Сначала покажу, как прирастало.
Было:
"It was a Victorian room, and they both were seated on a heavy divan of dark red velvet whose feet ended in black claws gripping glass balls. The candles were still there, though now in candlesticks. The rug became white bearskin. The receding dot of light became a footman." (273)
Стало:
"А сидели они теперь в гостиной в викторианском стиле, на багровом бархате неподъёмного дивана, вставшего не на ножках, а на впившихся в стеклянные шары орлиных лапах. Свечи никуда не делись — их только рассовало по канделябрам. Ковёр обернулся белой медвежьей шкурой, а почти потухший солнечный зайчик — лакеем." (311)

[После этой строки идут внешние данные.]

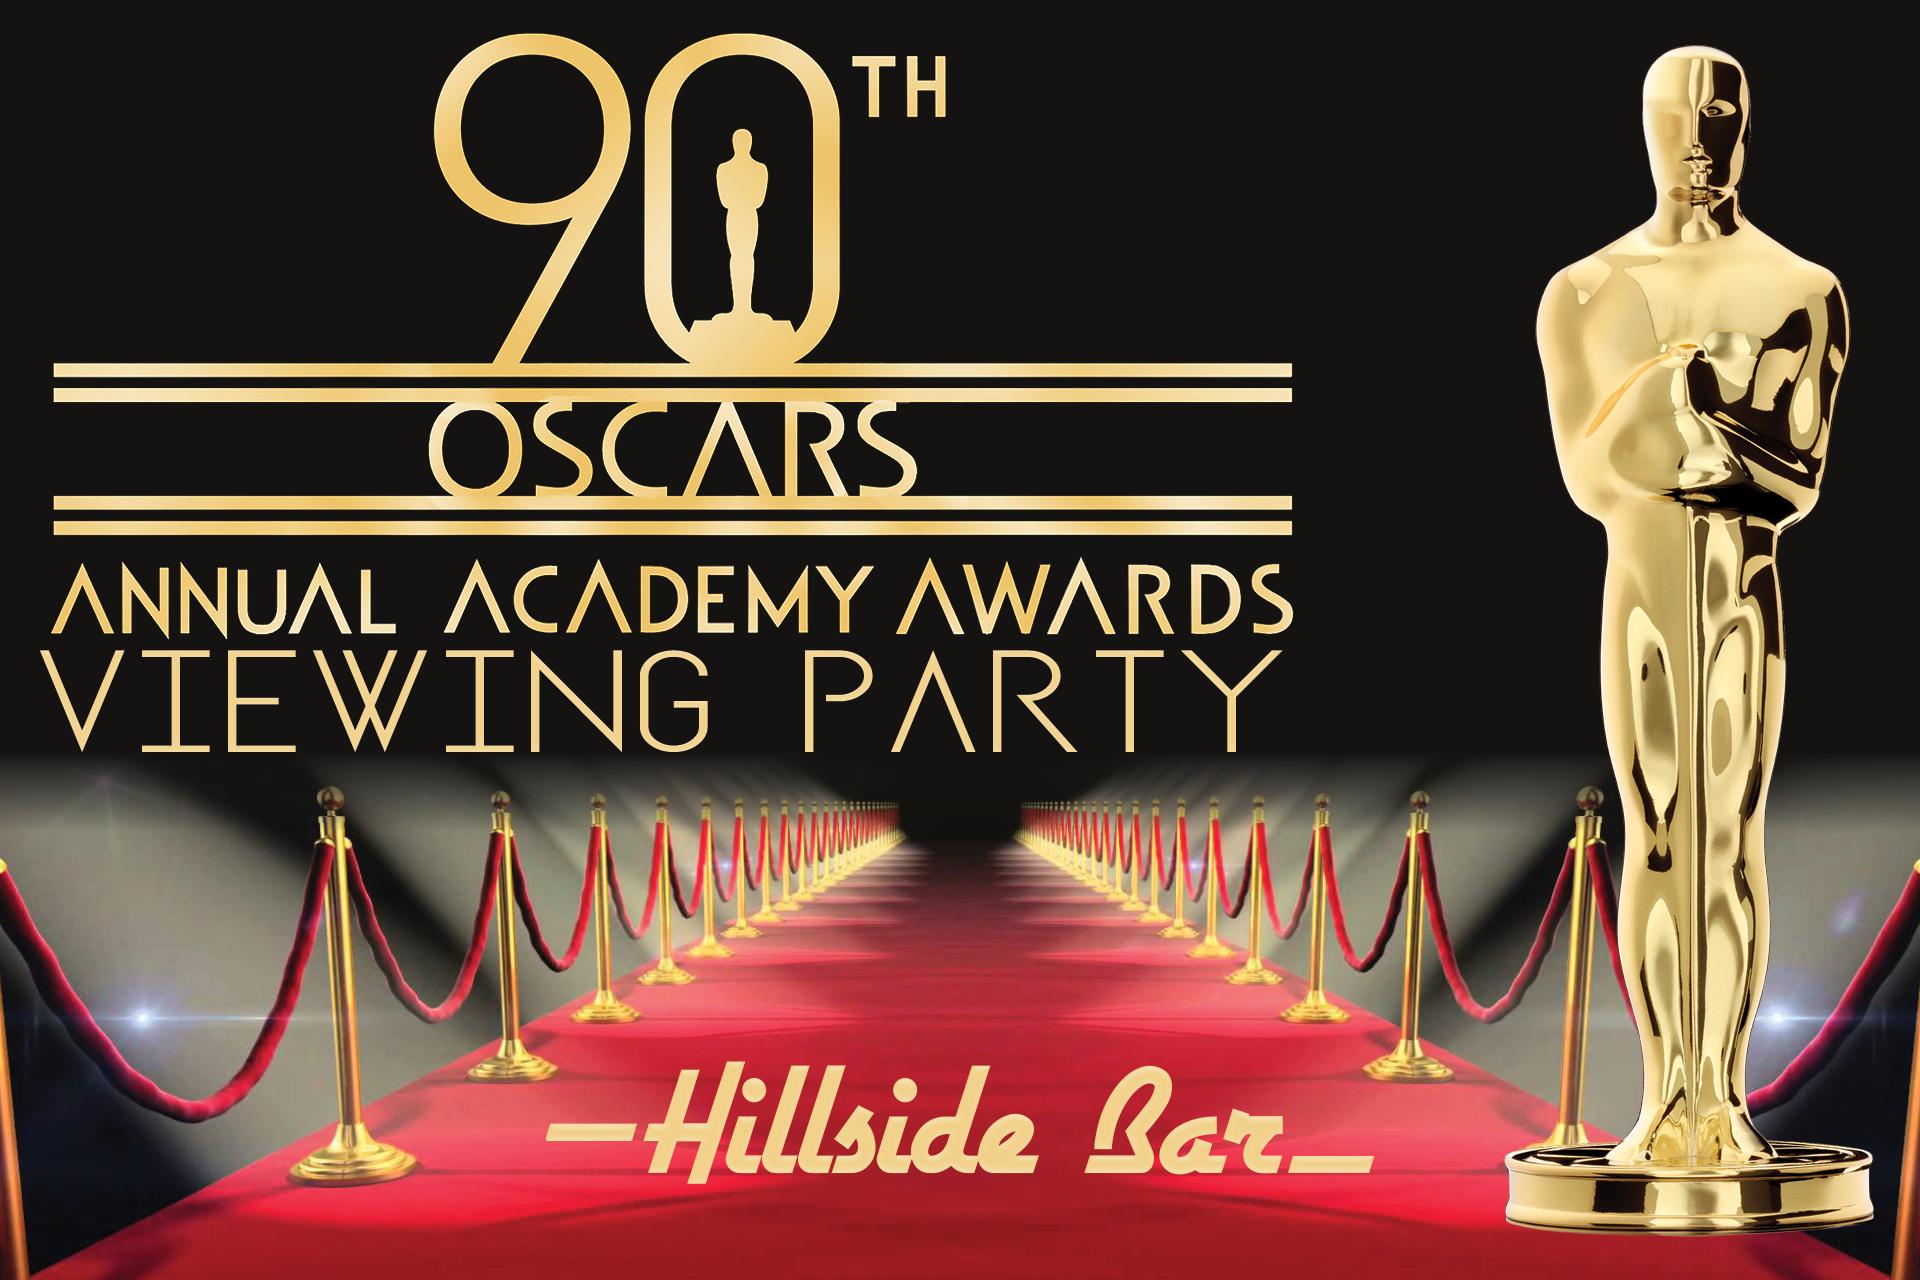 Hilside Oscar Party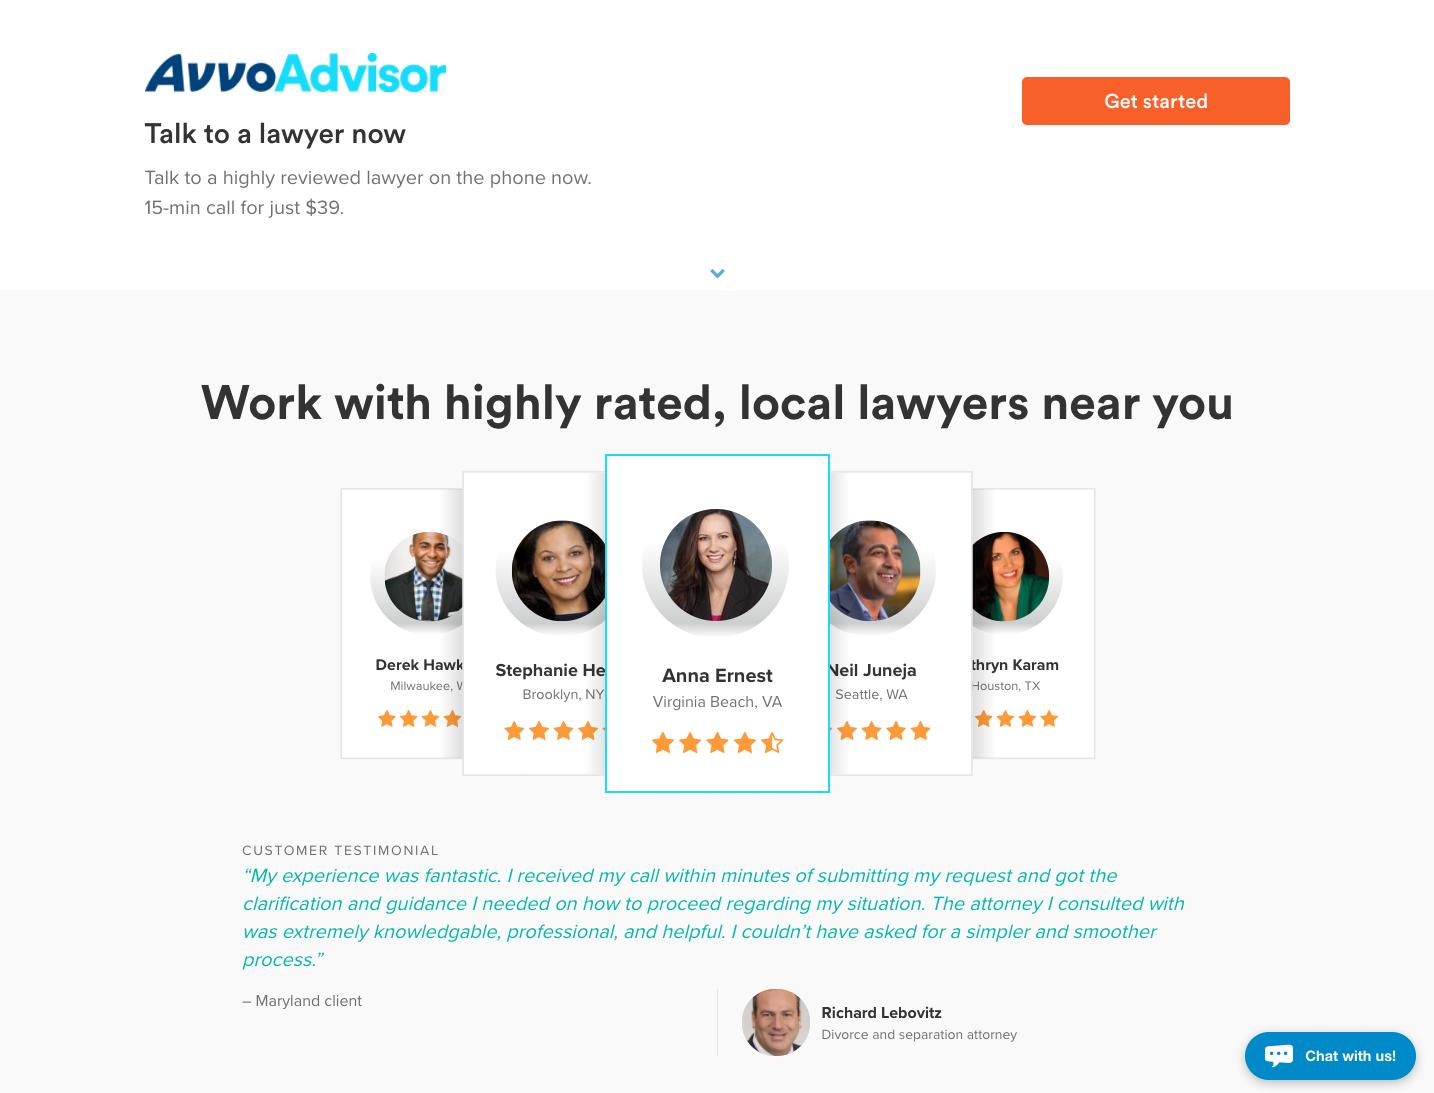 Pro Bono Legal Services Indiana

Здесь, считаю, перевод и так очень близок к дословному, поэтому приводить дословный не буду. Разве что свечки не "рассовало", они в подсвечниках "были".
Было:
"Their first kiss was not then, but, for the sake of drama, let us pretend that he won it from her with words both wild and solemn, playfully serious, sweet in the way all love is sweet, but bitter with a hidden bitterness." (222)
Стало:
"Первый поцелуй случился много позже, но давайте ради драматической выверенности представим, что он завоевал её прямо сейчас — словами буйными, но спокойными, игривыми до серьёзности, до того же сладкими, как и любая любовь сладка, но прячет под собою горечь." (258)
Тут из заметного — "drama" стала "драматической выверенностью".
Теперь — к убыли, убывало гораздо чаще. Вот пример среднего такого укорачивания — на пятую-десятую.
Было:
"There was no point in arguing with a clock. It was a limited intelligence device, not a true Sophotech, and had been instructed, long ago, to remind him of his appointments and engagements. In this case, with a holiday almost upon them, the clock was in a mindlessly cheerful mood: such were its orders. Pointless to grow irked." (328)
Стало:
"Препираться с часами бессмысленно. Они честно и уже очень давно исполняли запрограммированный долг, в меру своих скромных умственных способностей: напоминали о расписании, о делах, встречах и обязательствах. Полоумно-ликующий тон вызван предпраздничной инструкцией. Раздражаться проку нет." (289)
Дословно:
"Не было смысла спорить с часами. Они были устройством с ограниченным разумом — не настоящим Софотеком — и им давным-давно наказали напоминать ему о его встречах и обязательствах. В этом случае, когда праздник их уже почти накрыл, часы были в бездумном, жизнерадостном настроении: такие были им приказы. Бессмысленно раздражаться."